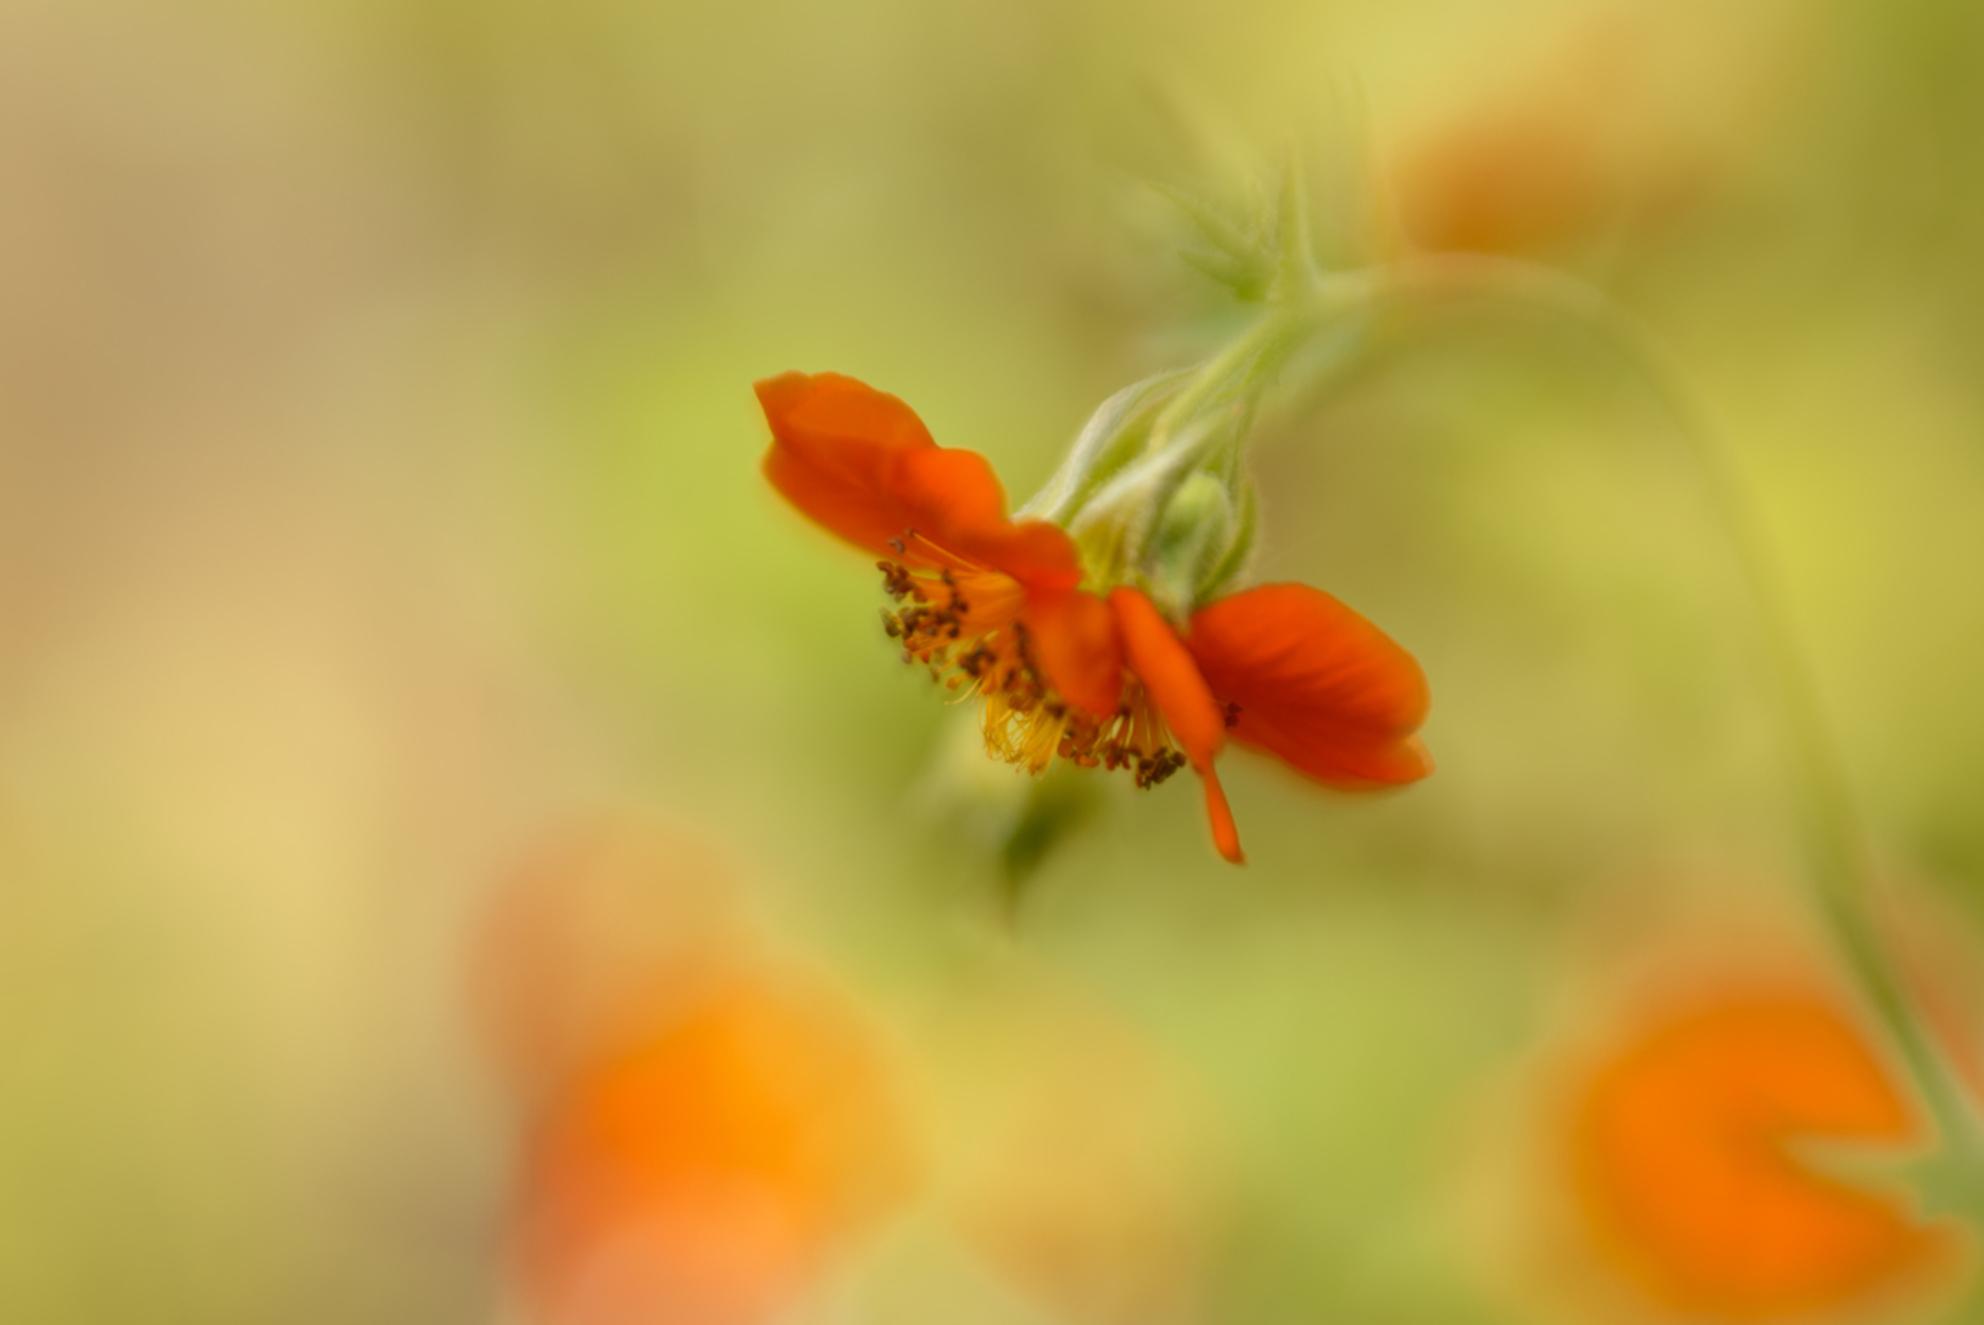 Mijn eigen tuin - Dit is zo'n schitterend bloemetje... Elk jaar liet dit bloemetje haar oranje kleur op 30 april zien. Sinds het een paar dagen eerder Koningsdag is,  - foto door dettyverbon op 30-04-2017 - deze foto bevat: bloem, oranje, tuin - Deze foto mag gebruikt worden in een Zoom.nl publicatie
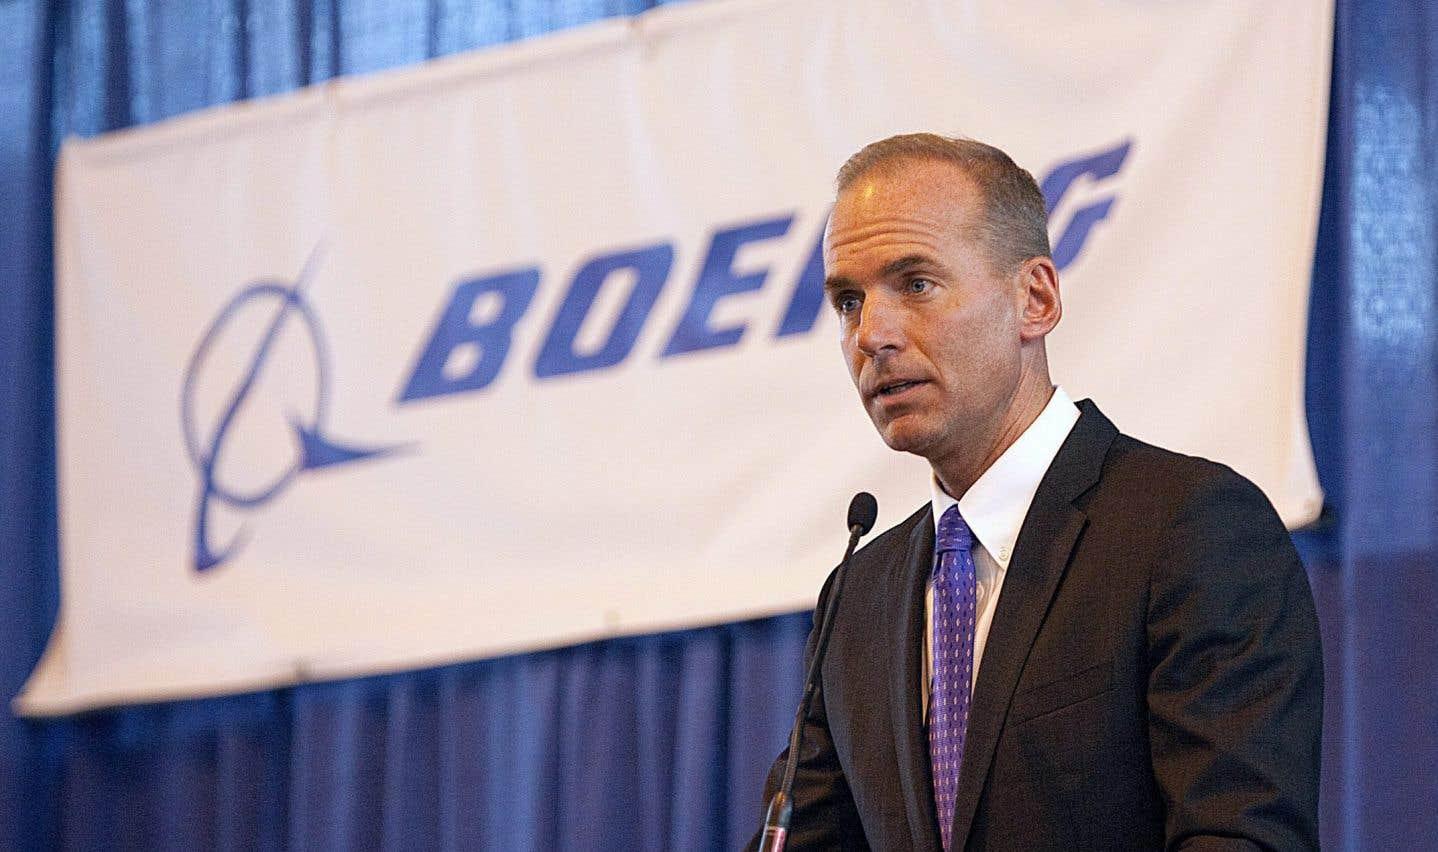 Le chef de la direction de Boeing, Dennis Muilenburg, a expliqué, mercredi au cours d'une conférence téléphonique, qu'il voulait d'abord comprendre pourquoi l'organisme américain avait estimé que la CSeries ne portait pas préjudice à l'avionneur américain.
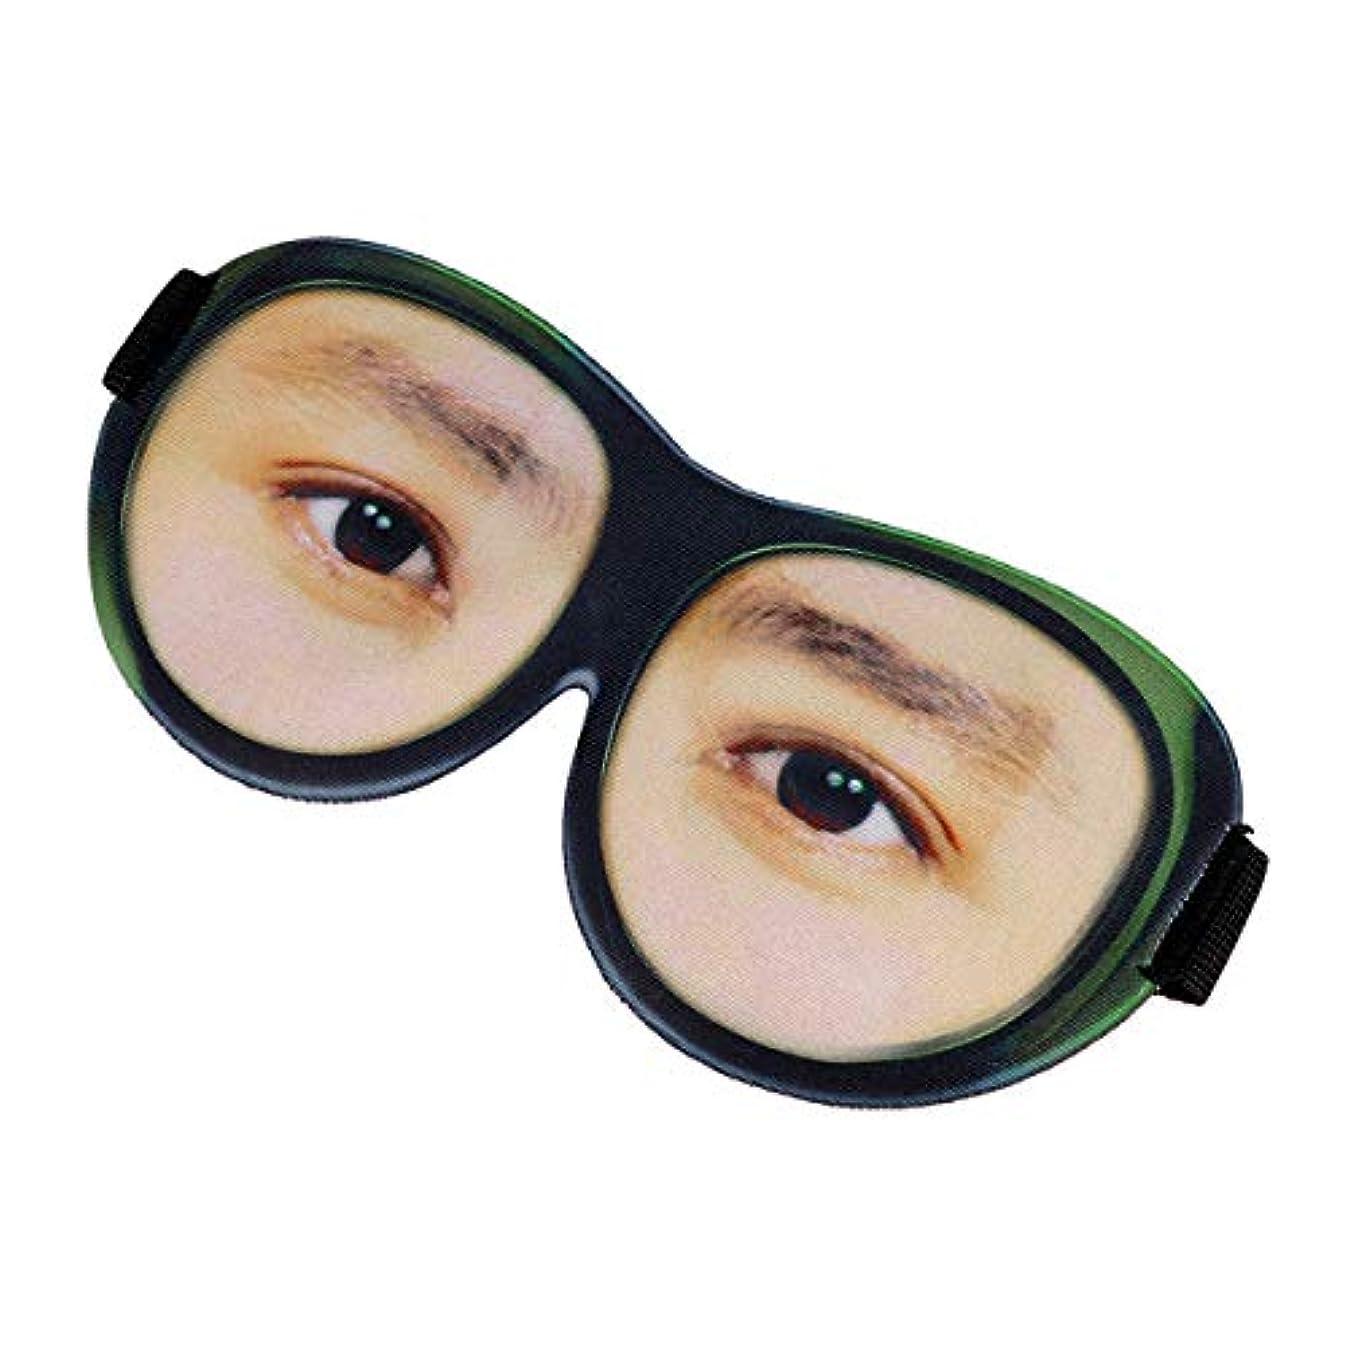 テロライド捕虜Beaupretty 睡眠マスクメガネ3d付き調節可能ストラップアイアイシェード睡眠アイシェード遮光ブロック用ホーム旅行屋外旅行

● ● ● ● ●

Activity:
Give back the data exactly. Pictures stay out.

Expected answer:
 Mijn eigen tuin - Dit is zo'n schitterend bloemetje... Elk jaar liet dit bloemetje haar oranje kleur op 30 april zien. Sinds het een paar dagen eerder Koningsdag is,  - foto door dettyverbon op 30-04-2017 - deze foto bevat: bloem, oranje, tuin - Deze foto mag gebruikt worden in een Zoom.nl publicatie
 Le chef de la direction de Boeing, Dennis Muilenburg, a expliqué, mercredi au cours d'une conférence téléphonique, qu'il voulait d'abord comprendre pourquoi l'organisme américain avait estimé que la CSeries ne portait pas préjudice à l'avionneur américain.
 テロライド捕虜Beaupretty 睡眠マスクメガネ3d付き調節可能ストラップアイアイシェード睡眠アイシェード遮光ブロック用ホーム旅行屋外旅行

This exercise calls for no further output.